We would like to emphasize that rescaling the nonnegative matrix by multiplying its rows or columns by any positive factors does not change its nonnegative and PSD- ranks. Indeed, multiplication of the $i^{th}$ row of $A$ by $\alpha$ corresponds to the multiplication of $b_{i}$ by the same factor $\alpha$ in the nonnegative factorization. Similarly, it corresponds to the multiplication of $B_{i}$ by $\alpha$ in the PSD-factorization. Obviously, the situation with the columns of $A$ is the same.

2.2 Extension complexity

The nonnegative extension complexity of the polytope $P$ is the smallest number $d$ such that $P$ can be expressed as a projection of an affine slice of the nonnegative $d$ -dimensional orthant $\mathbb{R}_{+}^{d}$ . Similarly, the semidefinite (PSD-) extension complexity of $P$ is the minimum number $r$ for which there exists an affine slice of the cone of complex Hermitian $r\times r$ positive semidefinite matrices ${\bf S}^{r}_{+}$ that projects onto $P$ .

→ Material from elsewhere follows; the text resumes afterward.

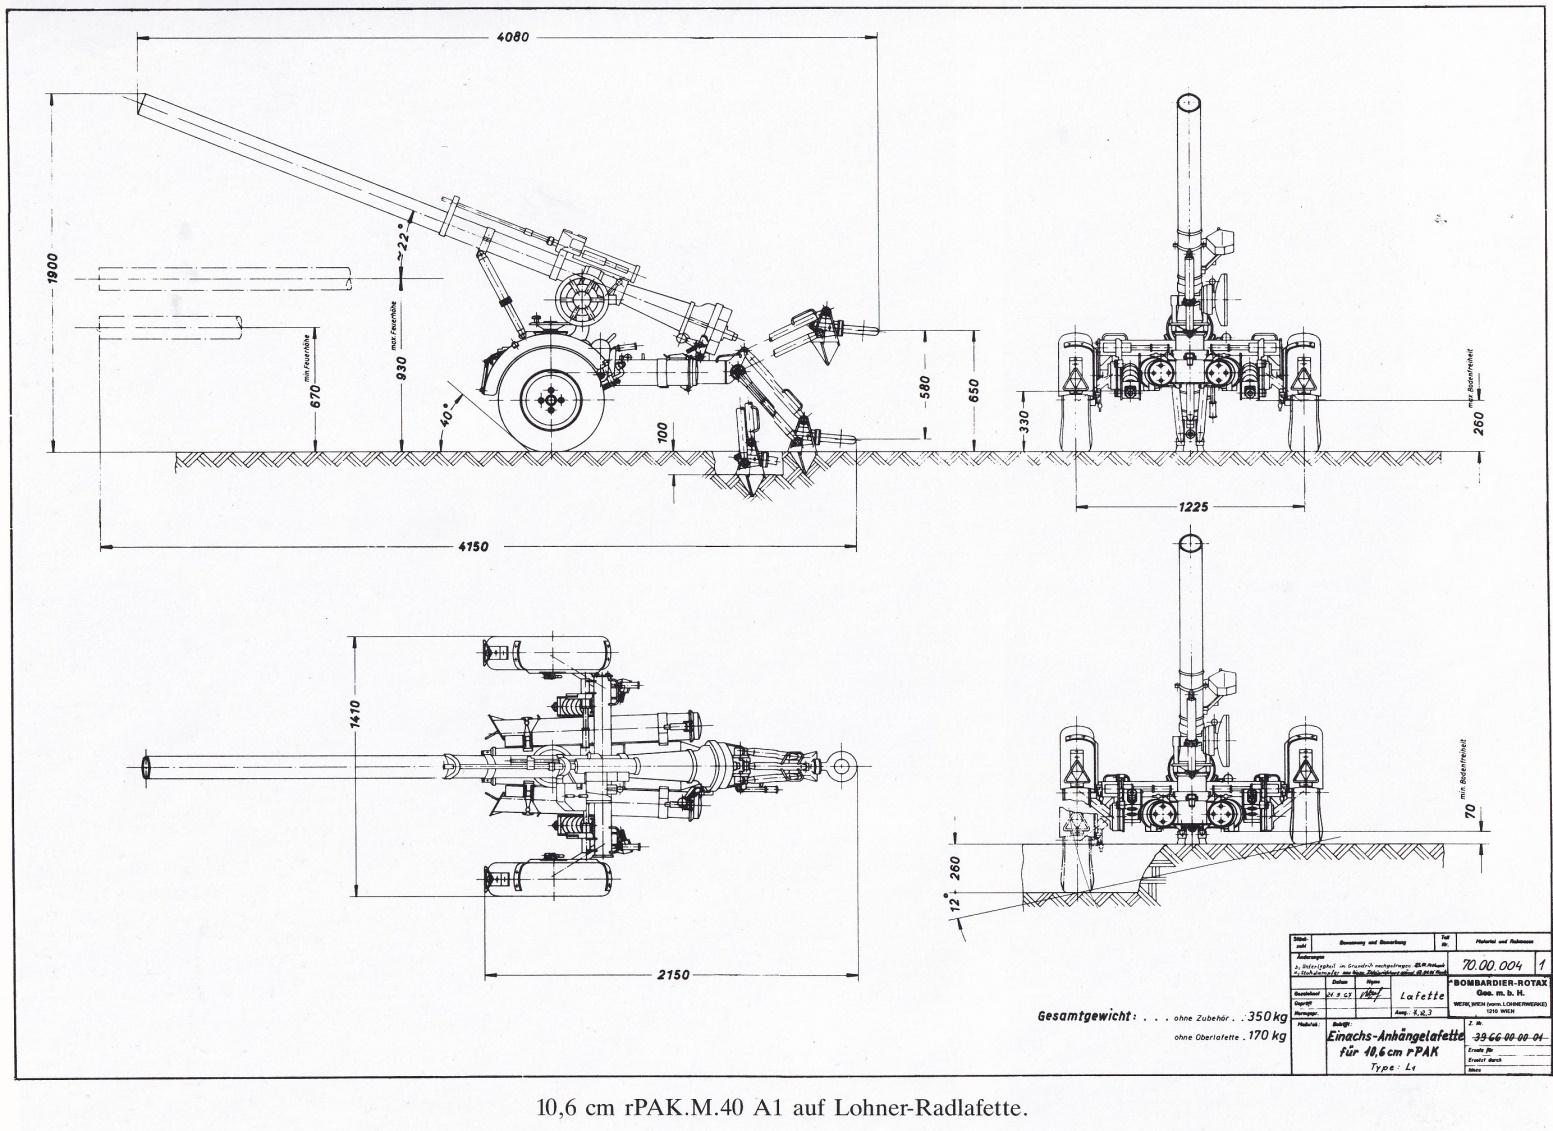 D:\Archiv Nemeth\Fzg-Gerät-Ausrüstung\Fahrzeuge\Mehrspurige Kfz\BH Fahrzeuge\Jeep\rPak\M66\Plan.jpg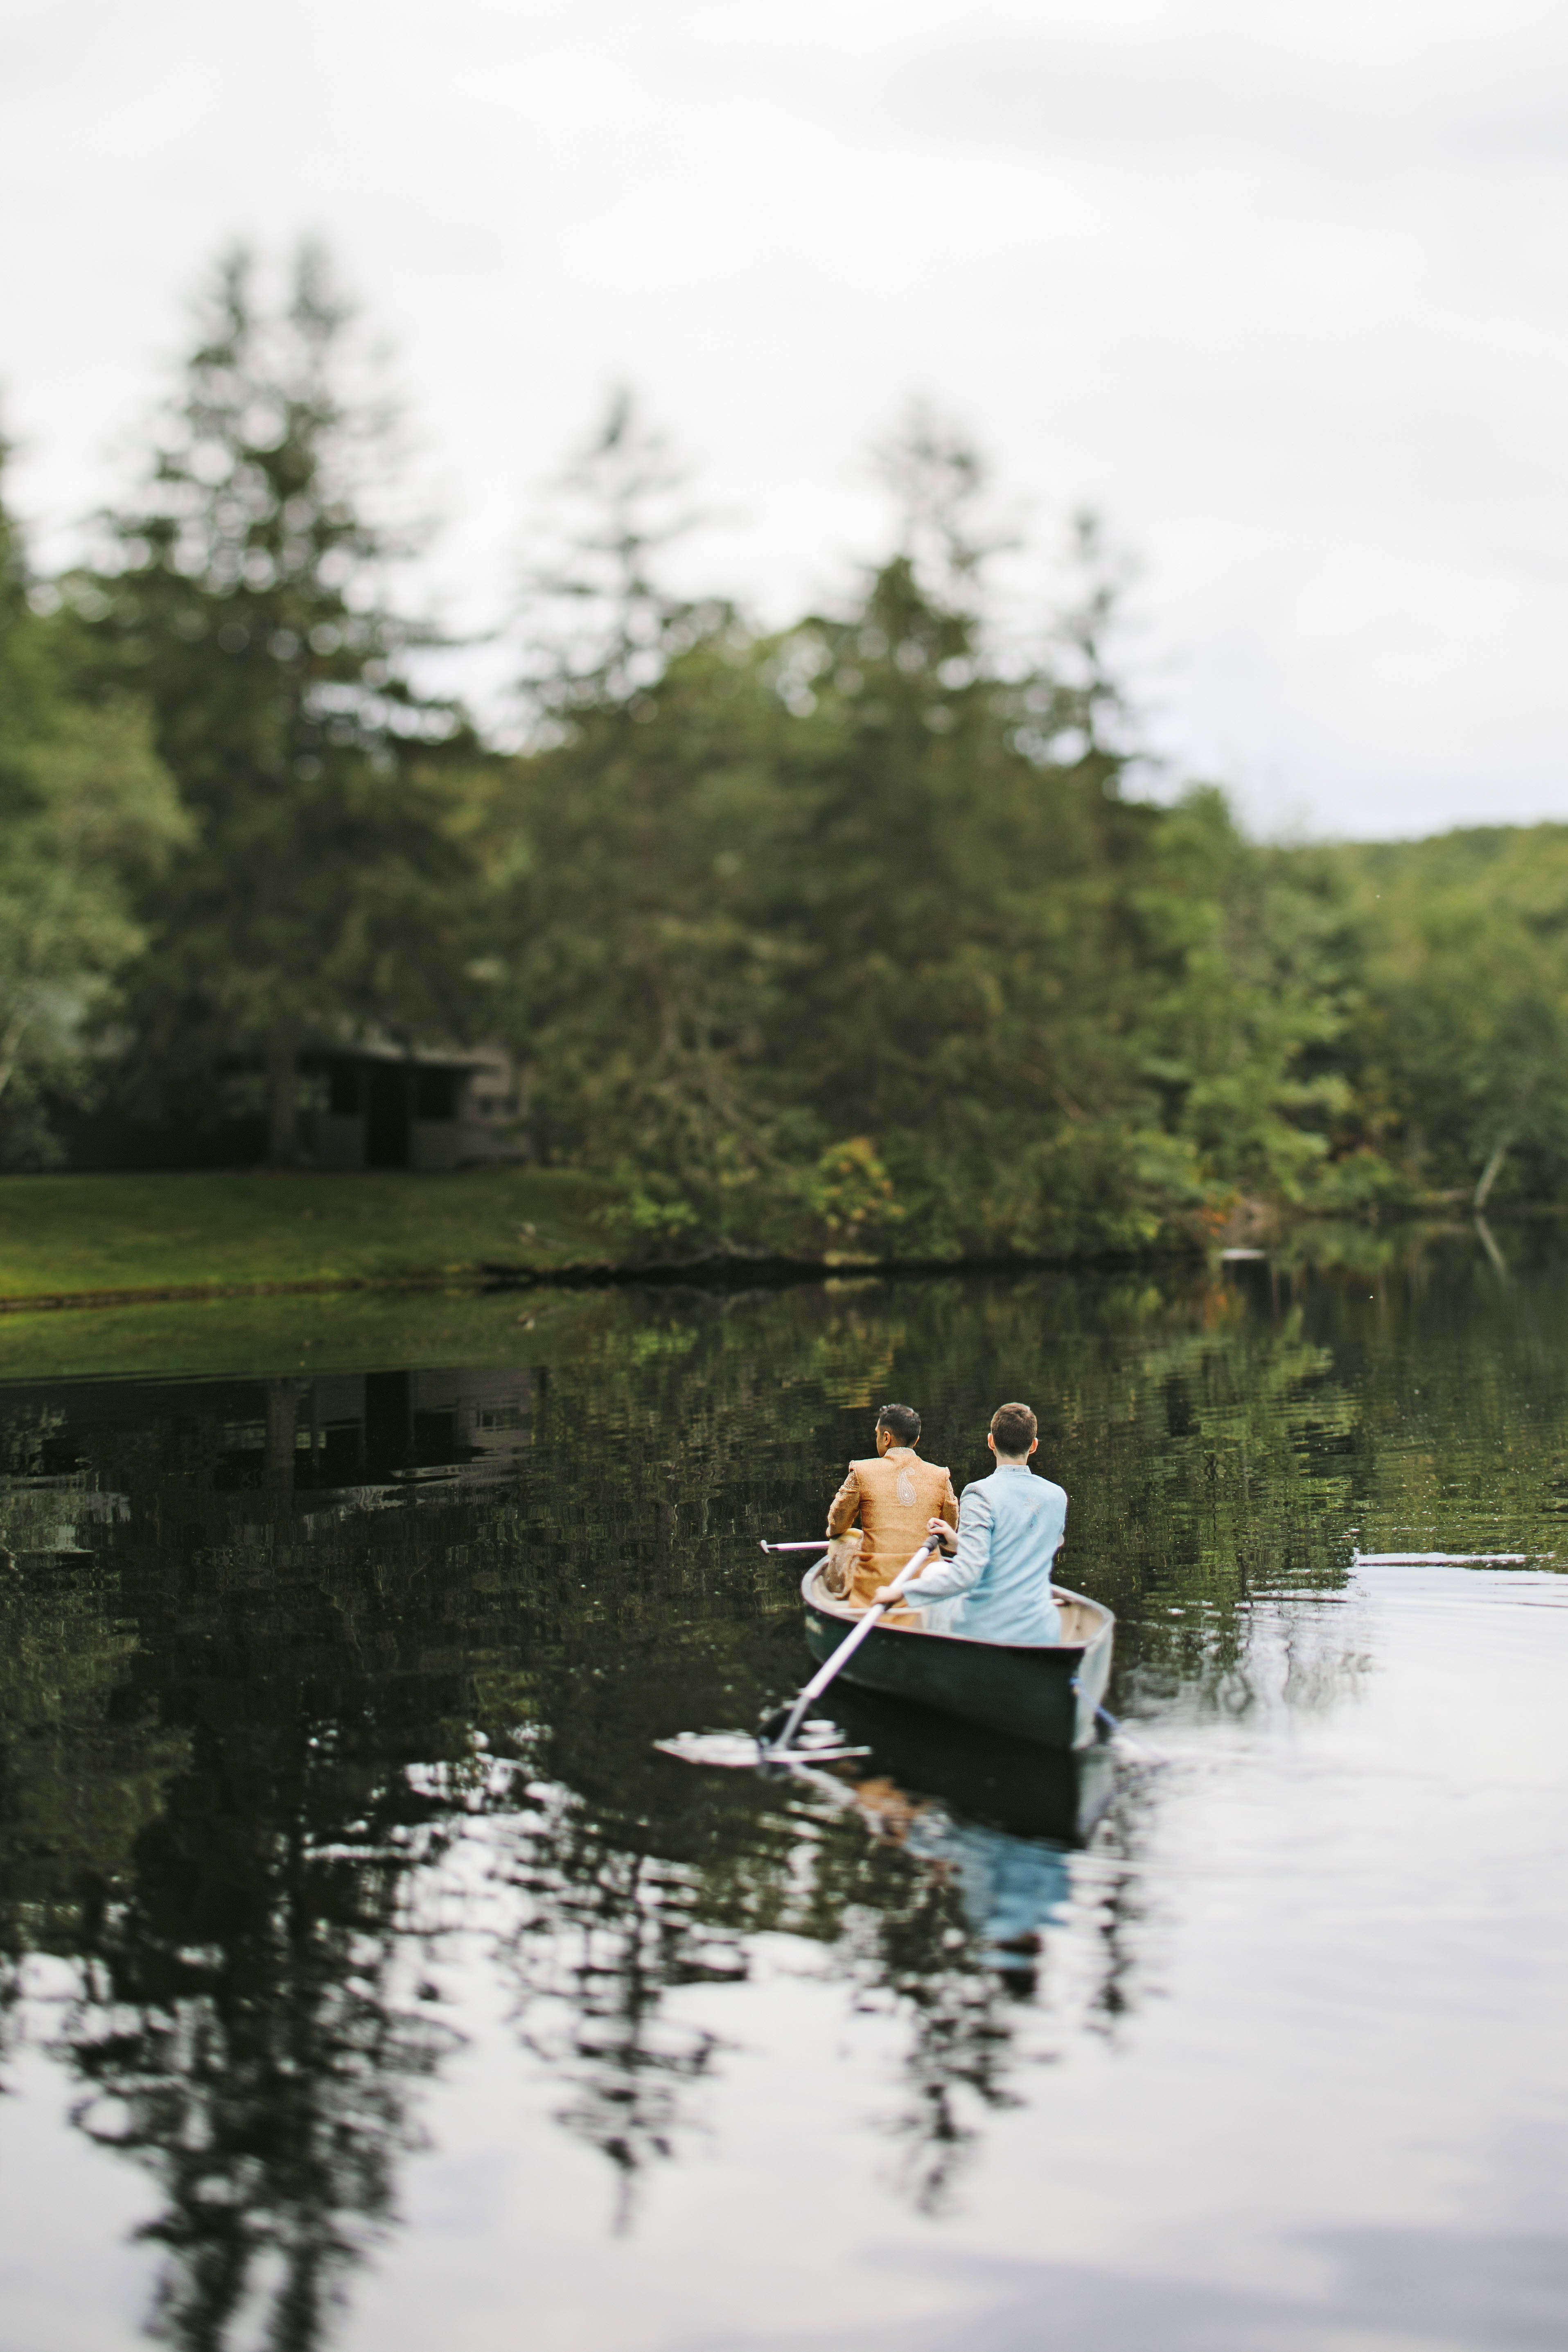 sanjay steven wedding grooms canoe

In other words, for optimizing over some polytope $P\in\mathbb{R}^{d}$ one may want to represent is as $P=\pi(K~{}\cap~{}L)$ , where $K\subseteq\mathbb{R}^{n}$ is some close convex cone, $L$ is some affine subspace of $\mathbb{R}^{n}$ , and $\pi$ is a linear map (projection). Such representations are called $K$ -lifts, ([GPT13]), or $K$ -extensions. If to choose $K$ from the families of the cones of nonnegative orthants $\mathbb{R}^{k}_{+}$ or positive semidefinite matrices ${\bf S}^{r}_{+}$ , the nonnegative and PSD- extension complexities for the given polytope correspond to minimal $k$ and $r$ for which such representations exist.

2.3 Factorization theorem

As it was discussed in Introduction, [Yan91], [GPT13], and [FMP*+*12] proved that the extension complexities and matrix factorizations are interconnected. Here we present the Factorization theorem, which explains the relations between these two notions.

Let $P$ be a polytope in $\mathbb{R}^{d}$ with $n$ vertices and $m$ facets, thus $P=\{x\in\mathbb{R}^{d}\ |\ \langle x,a_{j}\rangle\leq b_{j},\ j\in\overline{1,m}\}$ . Then the slack matrix of the polytope $P$ is defined as the nonnegative matrix $S_{P}\in\mathbb{R}^{n\times m}$ with $S_{P}(i,j)=b_{j}-\langle v_{i},a_{j}\rangle$ , where $v_{i}$ is the $i^{th}$ vertex of $P$ . Then the Factorization theorem can be formulated as follows:

Factorization Theorem.

The nonnegative extension complexity of $P$ is equal to $\operatorname{rank_{+}}S_{P}$ . Similarly, the PSD-extension complexity of $P$ is equal to $\operatorname{\operatorname{rank}_{psd}}S_{P}$ .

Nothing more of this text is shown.